Carroll Smith is quoted in his book, Engineer to Win

If I were involved in the design of a new passenger vehicle, however, I would give serious consideration to the use of a transverse composite single leaf spring of unidirectional glass or carbon filament in an epoxy matrix. This would be the lightest practical spring configuration and, although space constraints would seem to limit its use in racing, it should be perfectly feasible on road-going vehicles, from large trucks to small commuter cars. (Since I wrote this paragraph the new-generation Corvette has come out with just such a spring to control its independent suspension systems-at both end of the car.)

Transverse leaf springs in other vehicles

In addition to the Corvette, a composite transverse leaf spring has been used on other GM and non-GM vehicles.

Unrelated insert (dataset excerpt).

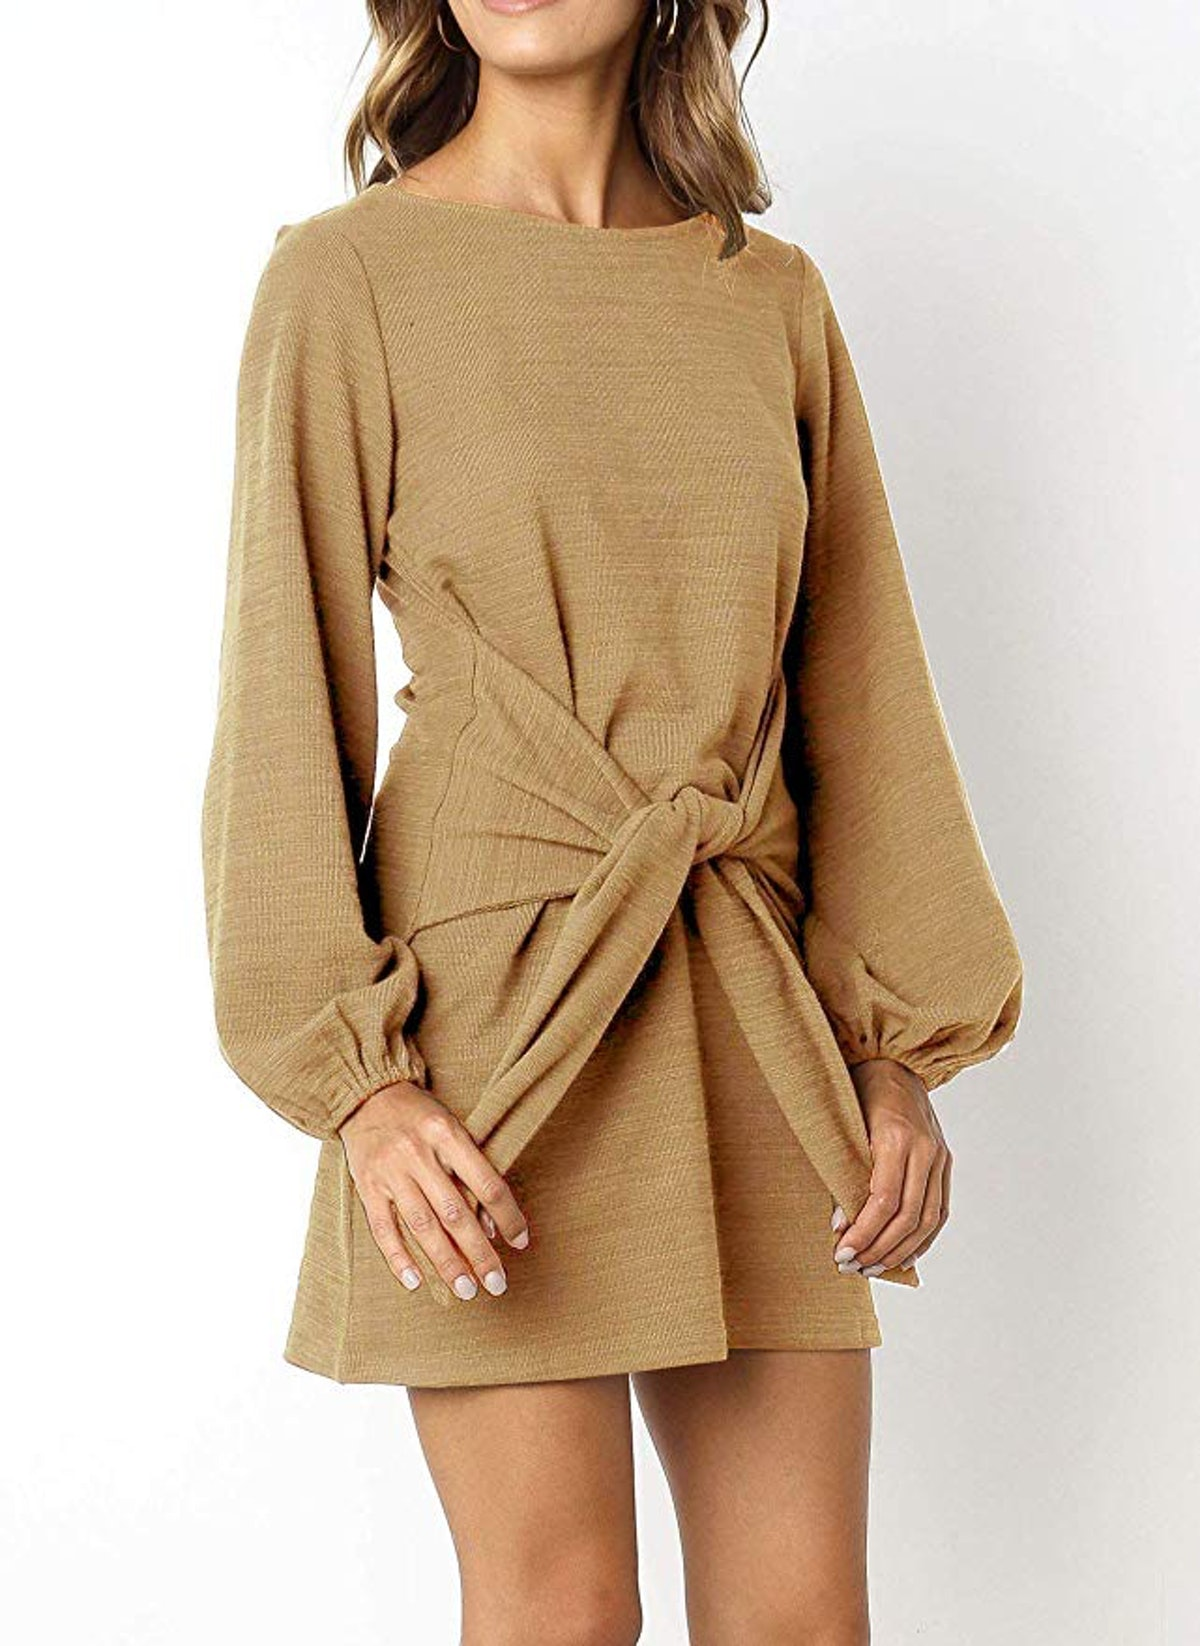 R.Vivimos Women's Autumn Sweater Pencil Dress

  • Volvo 960 (Wagon only)
  • Volvo S90
  • Mercedes Sprinter vans (transverse in front only)
  • VW 1-Litre-Car prototype car
  • GM W-platform cars- (Lumina, Grand Prix, Regal).
  • GM E-platform cars- (Eldorado, Toronado, Riviera, Reatta).
  • Mercedes Smart ForTwo (used with MacPherson Struts)
  • Indigo, a Swedish made, low volume roadster. Due to the anti-roll properties of the transverse leaf spring setup the car does not use a separate front anti-roll bar.

Many small European cars such as the Fiat 128, the Yugo, and the Triumph Motor Company small chassis cars (Herald, Vitesse, Spitfire, GT6) used transverse steel springs in similar fashion. The Yugo's steel spring used twin attachment points and did provide anti-roll capability.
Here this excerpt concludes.